Limiting the hours of workers has been a cornerstone of our labor law since the 1930s. And, given the dangers of farmwork, it’s concerning to me that we continue to make these work-related exceptions for agriculture.

Certainly, we do have the data on overtime from other industries. A meta-analysis found that most studies showed overtime was associated with “poorer perceived general health, increased injury rates, more illnesses, or increased mortality.”

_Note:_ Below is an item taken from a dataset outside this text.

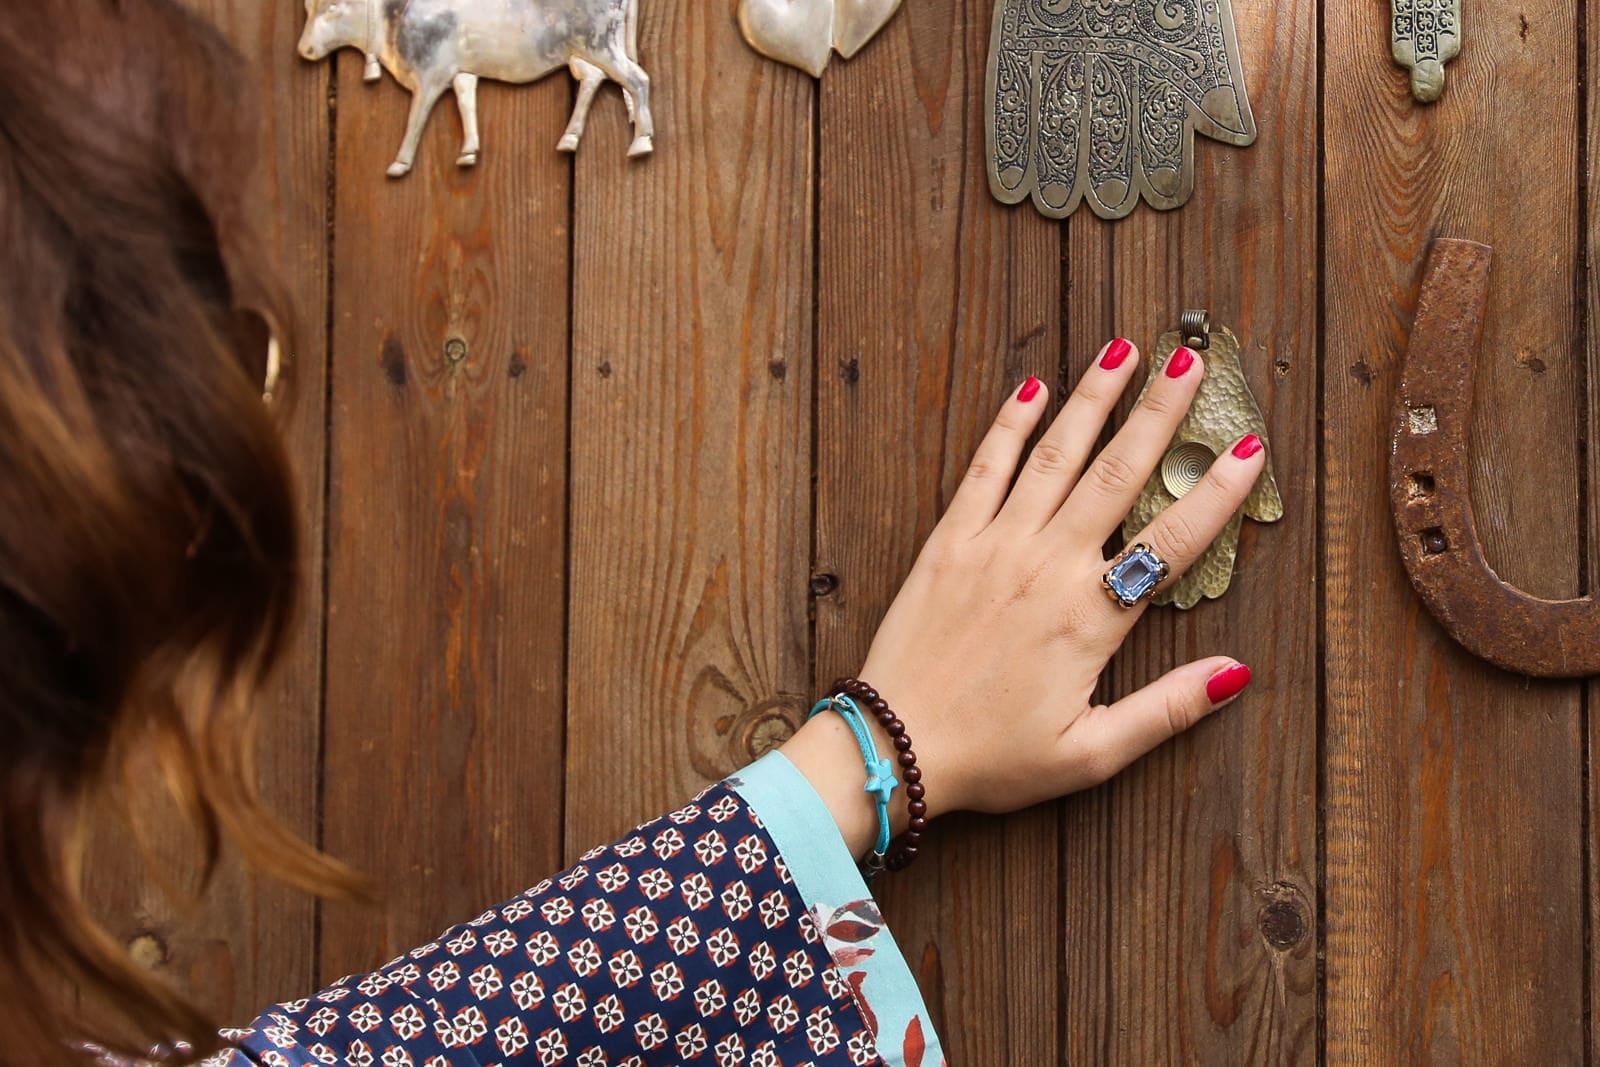 ausflug-zum-anima-garden-marrakesch-marlene-hose- wickelsandale-tunika-fashion-blog-des-belles-choses 1

We’ve taken these data, which demonstrate the risks of overtime, and we as a society have largely moved away from work weeks longer than 40 hours without overtime payments, because we know that it is dangerous for our health.

I come from a farming family. I really sympathize with the struggles that family farms in New York have in making farming work, and I understand that worker payments are a significant component of the business -- but we cannot continue to abuse farmworkers, putting their health at risk without giving them parity with other industries. We cannot single out one labor group, whose work is particularly strenuous on the body and for which overtime can mean compounding significant physical strain or injury, and say that overtime should not apply the same way.